La degenerazione dei neuroni della via periventricolare è legata ad una forma di stress ossidativo. I neuroni dopaminergici sono particolarmente esposti al danno ossidativo in quanto lo stesso metabolismo della dopamina produce una
consistente quantità di radicali liberi (McFarlane,
2009). Nell’ipofisi di cavalli affetti da PPID sono
stati trovati prodotti dell’ossidazione come la 3nitrotirosina e la lipofuscina (Glover et al. 2009).

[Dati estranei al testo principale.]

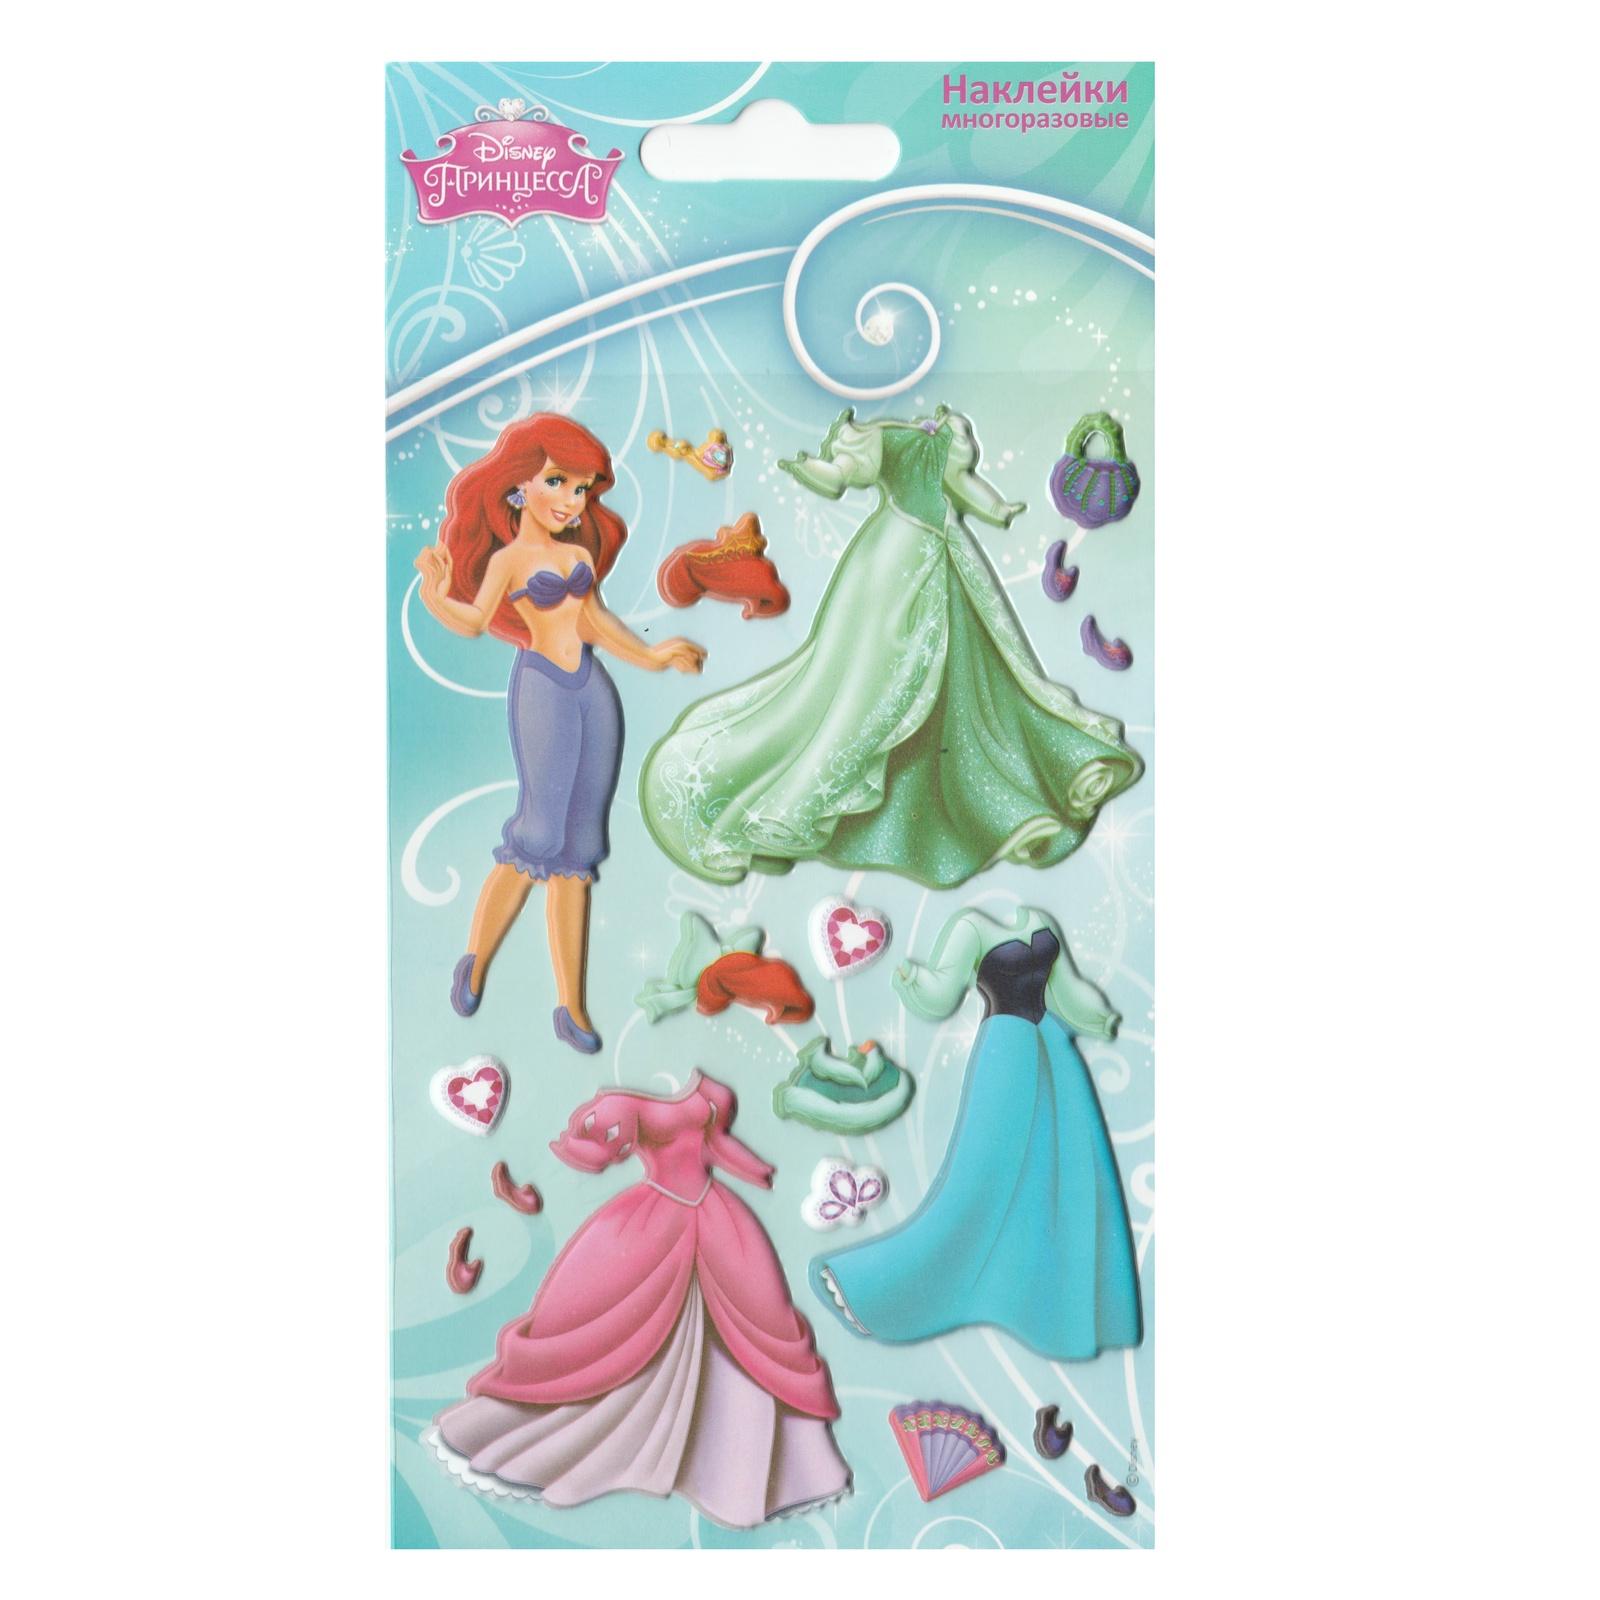 Набор наклеек Disney Ариэль с нарядами, многоразовые

In
questi pazienti, però, non è stato possibile individuare una riduzione della normale attività antiossidante rispetto ad individui normali (McFarlane
e Cribb, 2005).
La riduzione dell’attività inibitoria della via dopaminergica induce modificazioni della pars intermedia
(iperplasia, ipertrofia e molto più raramente adenomi veri e propri) coerenti con il quadro di aumento dei peptidi derivati dalla processazione della POMC (Miller et al., 2008).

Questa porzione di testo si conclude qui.